The traditional approach for investigating the stability of physical systems was given by Lyapunov [AM-Lya92]. The (nonlinear) equations of motion are linearised about a base solution, and the eigenvalues of the linearised system are computed. If all eigenvalues have negative real part, then there exists a finite region of stability around the initial condition: perturbations within that region decay to zero, and the system is asymptotically stable [AM-Par92].

While this approach has had many successes, several authors have noted that it does not give a complete description of the finite-time stability of a physical system. While the eigendecomposition determines the asymptotic stability of the linearised equations as \(t \rightarrow \infty\), some systems permit transient perturbations which grow in magnitude, before being predicted to decay. However, if the perturbations grow too large, the linearised equations may cease to hold, and the system may become unstable due to nonlinear effects. More specifically, this transient growth occurs when the system is non-normal, i.e. when the eigenfunctions of the system do not form an orthogonal basis [5M-Sch07]. For example, Trefethen [1M-TTRD93] describes how the traditional approach fails to give accurate stability predictions for several classical problems in fluid mechanics, and resolves the problem by analysing the nonnormality of the system in terms of pseudospectra [5M-TE05].

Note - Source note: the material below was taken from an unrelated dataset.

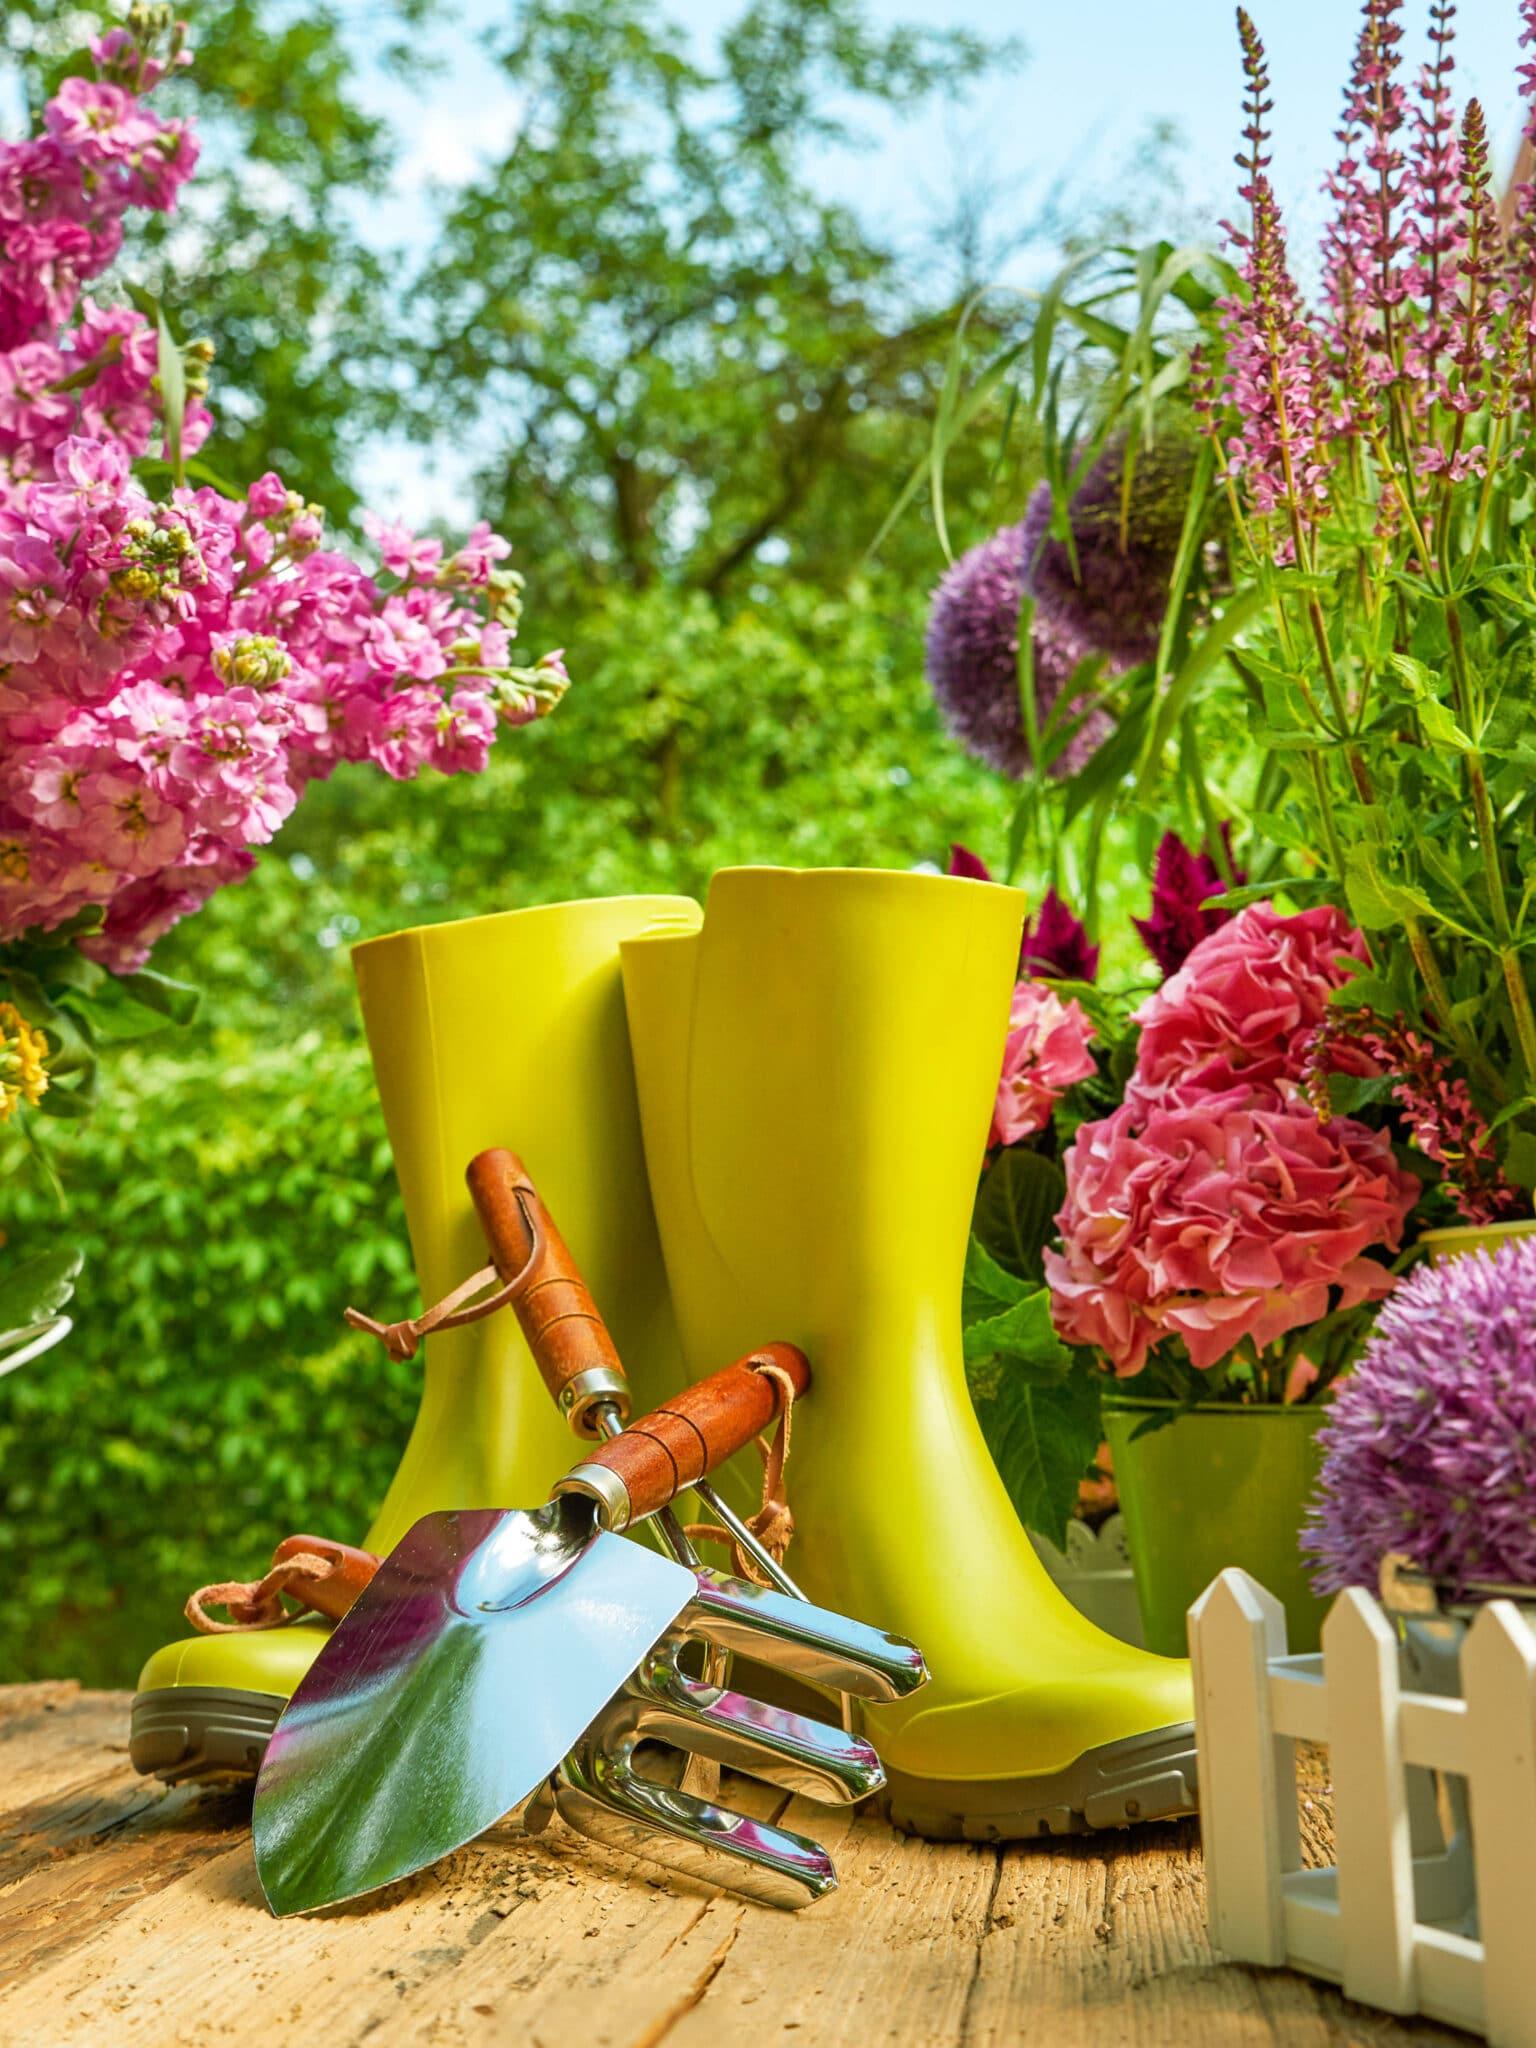 Garden tools on an outdoor table.

Therefore, this motivates the development of a finite-time theory of stability, to investigate and predict the transient growth of perturbations. While Lorenz [5M-Lor65] discussed the core ideas (without using modern nomenclature), the development of this so-called generalised stability theory (GST) has been driven by the work of B. F. Farrell and co-workers [AM-Far82] [AM-Far85] [1M-FI96] [AM-FI96]. The main idea is to consider the linearised propagator of the system, the operator (linearised about the time-dependent trajectory) that maps perturbations in the initial conditions to perturbations in the final state. Essentially, the propagator is the inverse of the tangent linear system associated with the nonlinear forward model, along with operators to load the initial perturbation and select the final perturbation. The perturbations that grow maximally over the time window are given by the singular functions of the propagator associated with the largest singular values. Since the linearised propagator depends on the base solution, it follows that the predictability of the system depends on the conditions of the base solution itself: some states are inherently more predictable than others [5M-Lor65] [5M-Kal02].

The singular value decomposition of the propagator

This presentation of generalised stability theory will consider the stability of the system to perturbations in the initial conditions, but the same approach can be applied to analysing the stability of the system to perturbations in other parameters.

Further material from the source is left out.